La location è nuova e, a giudicare dai dintorni, più che azzeccata: il Bursa Textile Show per la sua dodicesima edizione si è spostato all’Atatürk Kongre Kultur Merkez, un centro economico e culturale moderno immerso in un parco verde, il colore di questa città adagiata tra il Mar di Marmara e le pendici di un alto monte, l’Uludağ, nel cuore della Via della Seta che unisce Oriente e Occidente.
Un giardino curato, prati all’inglese, fontane e laghetti: un contesto sicuramente diverso dalle fiere a cui siamo abituati, compresa Texhibition, nella lontana (non tanto geograficamente quanto nelle dimensioni) Istanbul. Siamo ai margini del centro città ed il Bursa Textile Show occupa un’ala del centro culturale, proprio di fronte allo stadio secondario della squadra cittadina, il Bursaspor, oggi nobile decaduta in quarta serie.
In questa ambientazione sicuramente rilassante la fiera accoglie anche oggi, secondo e ultimo giorno di salone, una variegata umanità: piccoli clienti locali, visitatori stranieri ed anche qualche designer. I numeri sono quelli di una fiera locale, che si rivolge ad un mercato circoscritto ma che può trovare sbocchi interessanti sia ad est, con tutto il Medio Oriente, che a nord, al di là del Mar Nero, dove la guerra tra Ucraina e Russia non sembra aver fermato i viaggi dei buyers.
Dopo il turco è infatti il russo (ed i suoi derivati) la lingua più comune tra gli stand e buttando un occhio ai badge dei visitatori si legge non solo Russia ma anche Bielorussia, Moldova e Azerbaijan ma non mancano polacchi, marocchini, spagnoli ed anche qualche tedesco. L’Italia è merce rara: gli organizzatori hanno fatto un’operazione di incoming chiamando alcuni operatori del settore (brand, rappresentanti e importatori) ma la presenza in fiera è limitata ad una decina di persone.
Una di queste è Giuseppe Ferrucci, pugliese, che opera in un settore particolare, quello degli ausili per anziani, con, tra l’altro, intimo e pigiami sanitari. Per lui le fiere come il Bursa Textile Show sono un’abitudine, venendo da anni di trasferte ad est, a iniziare dal CPM di Mosca: “In un periodo in cui l’abbigliamento non è più una priorità – spiega – la fascia media sta sparendo. In Italia ci siamo già arrivati da tempo ma mi pare che anche la Turchia stia iniziando. Il nostro sistema tessile sta avendo un tracollo, anche a causa del poco ricambio generazionale e della mancata fiducia nei giovani, che invece qui c’è. Noi, anche per adattarci a questo cambiamento, ci siamo aperti sempre di più al digitale ed oggi facciamo il 90% del fatturato online”.

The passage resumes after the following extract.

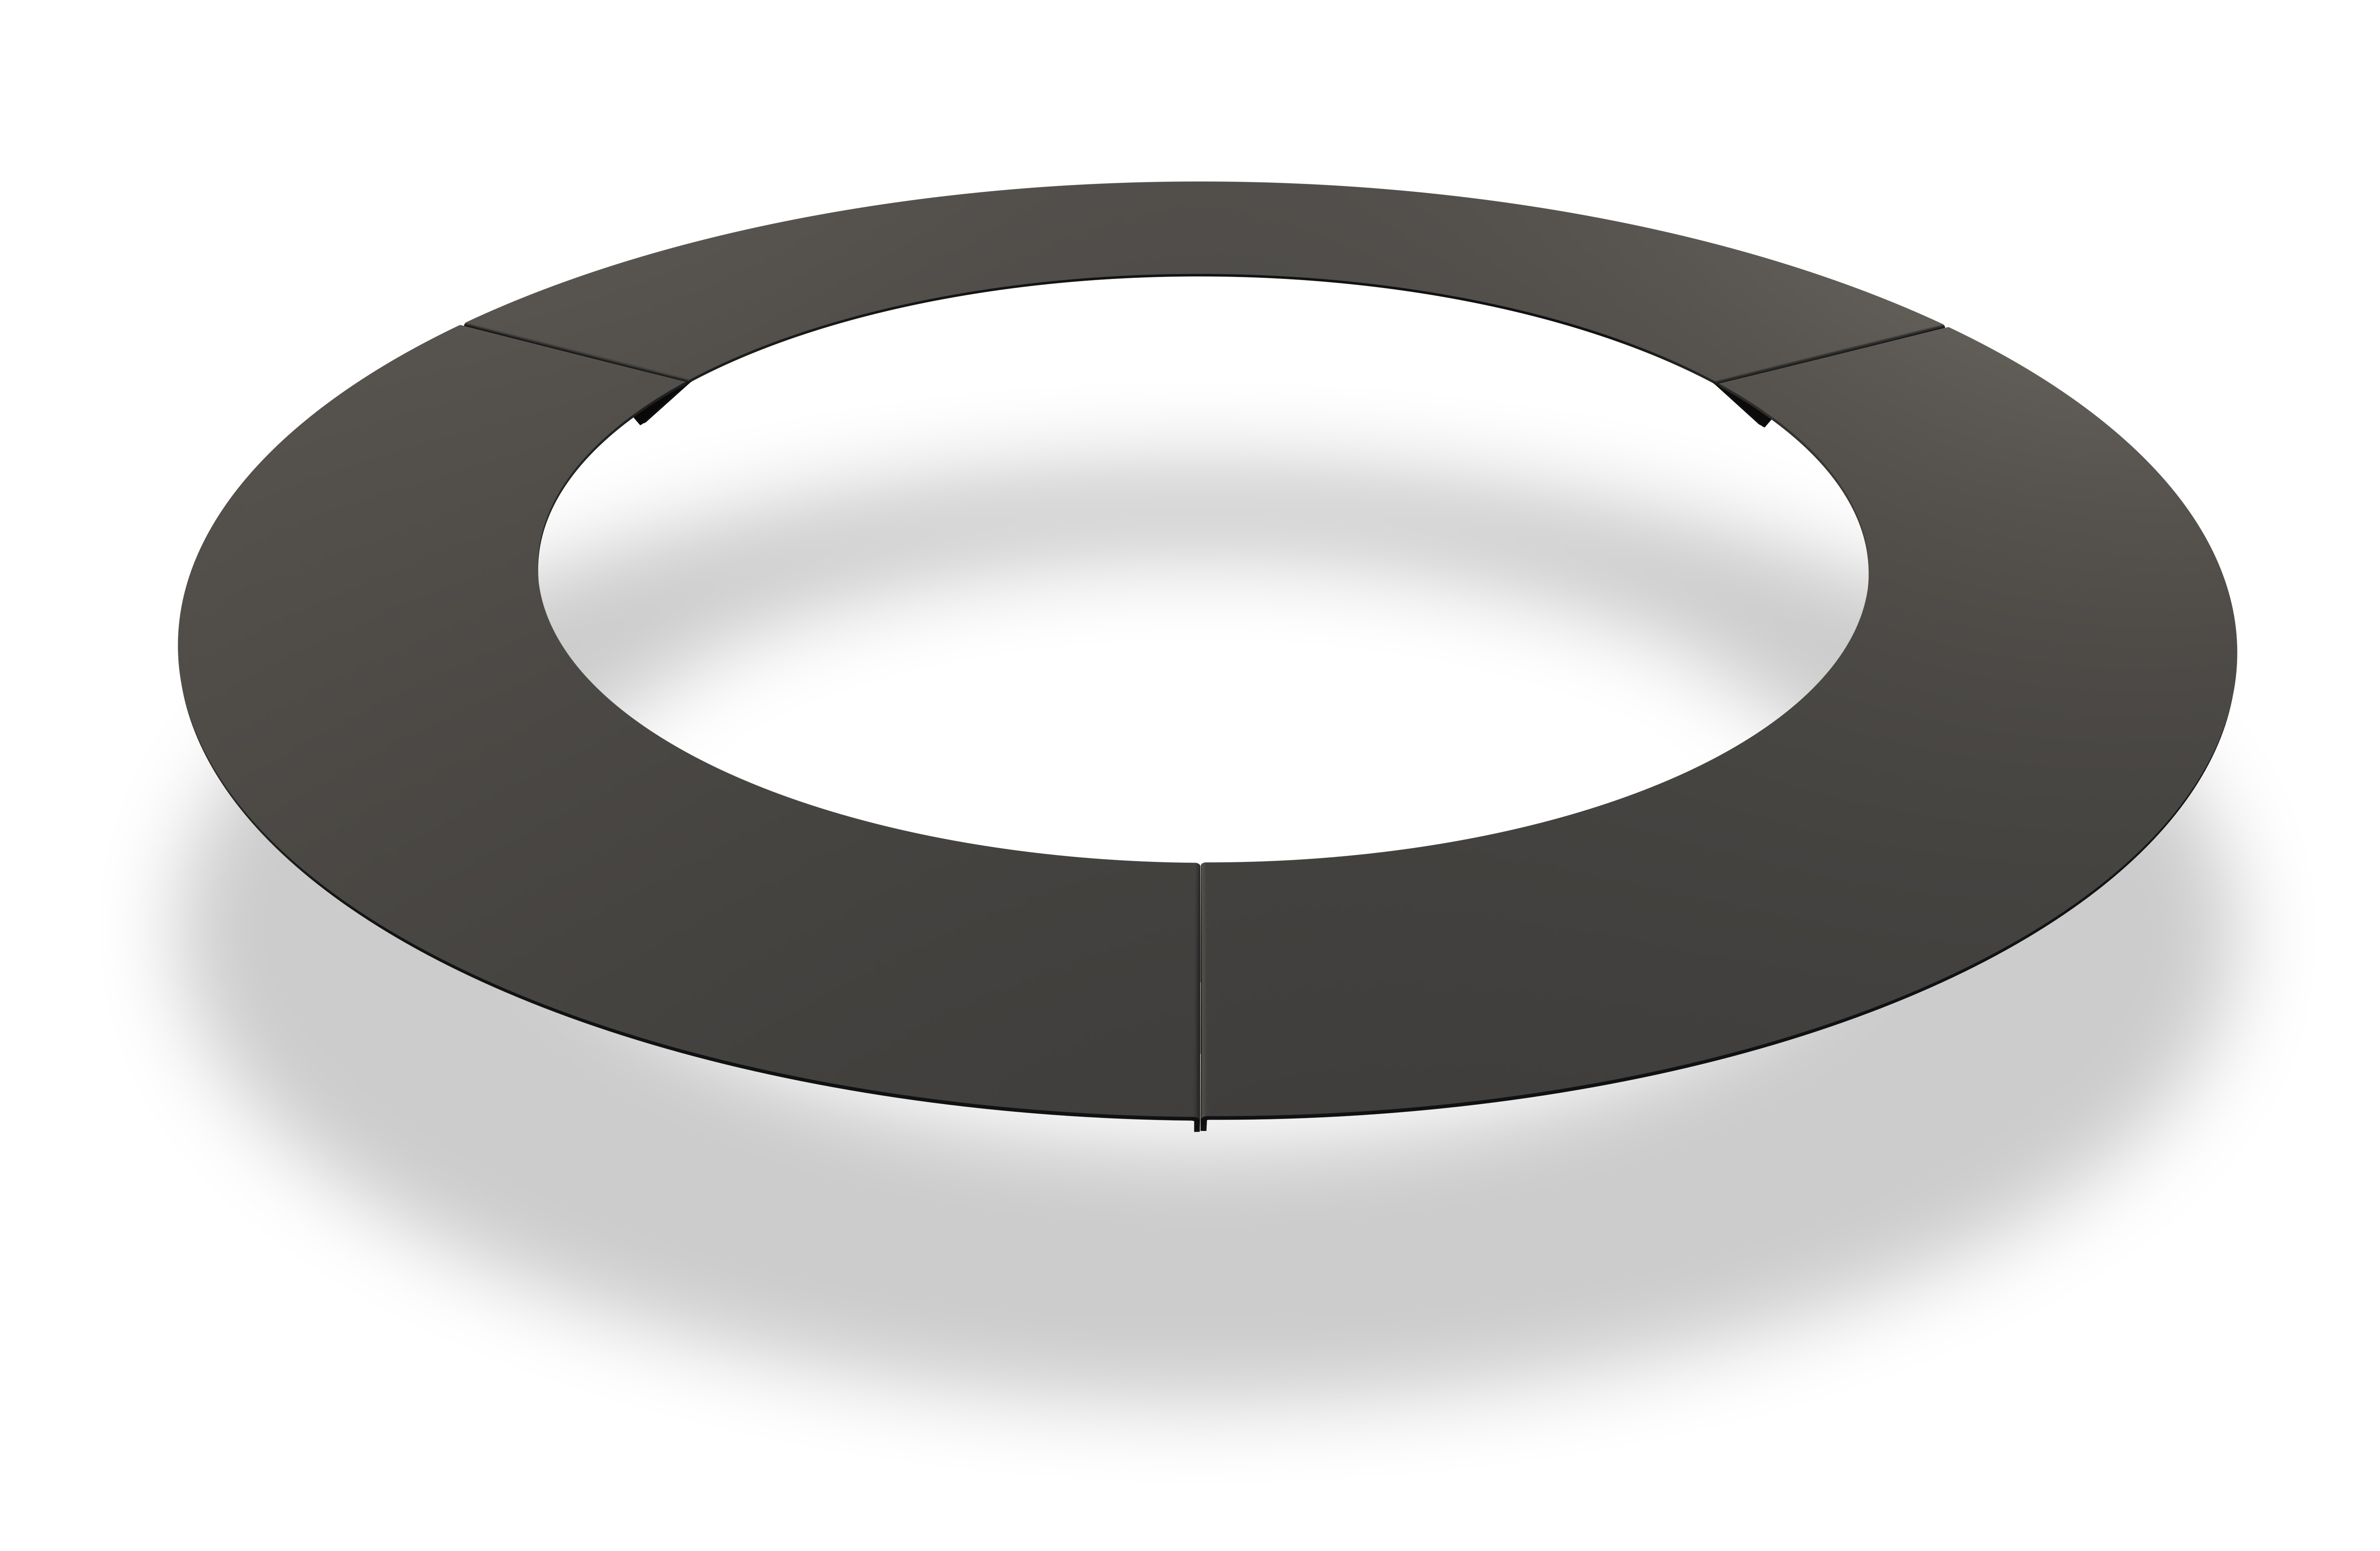 Raseneinfassung „Robot Mower Ring“ 30/60 cm, Graphit dunkel - zum Schließen ins Bild klicken

Quindi la scelta di rifornirsi in Turchia: “Magari il rapporto tra il costo di un tessuto simile per qualità tra Italia e Turchia non è più tre a uno come una volta ma è ancora almeno due a uno. Ma la qualità del tessile turco si è alzata molto negli anni, anche grazie agli investimenti sui macchinari e all’aiuto dello Stato. Le aziende si sono anche ingrandite nelle dimensioni”.
Il (poco) resto di Italia si vede in qualche brand scritto sui pannelli delle aziende espositrici, anche se Zara è uno dei nomi più ricorrenti e non ci sono particolari riferimento al mondo del lusso e questo spiega l’assenza dei francesi. In attesa dei numeri di chiusura del salone, che viene da circa 7.000 visite nelle edizioni precedenti, gli organizzatori possono contare su solide basi: una cordiale assistenza ai visitatori, con spazi non congestionati e stand accoglienti, aree per coffe break gratuiti e un’ampia Vip Lounge.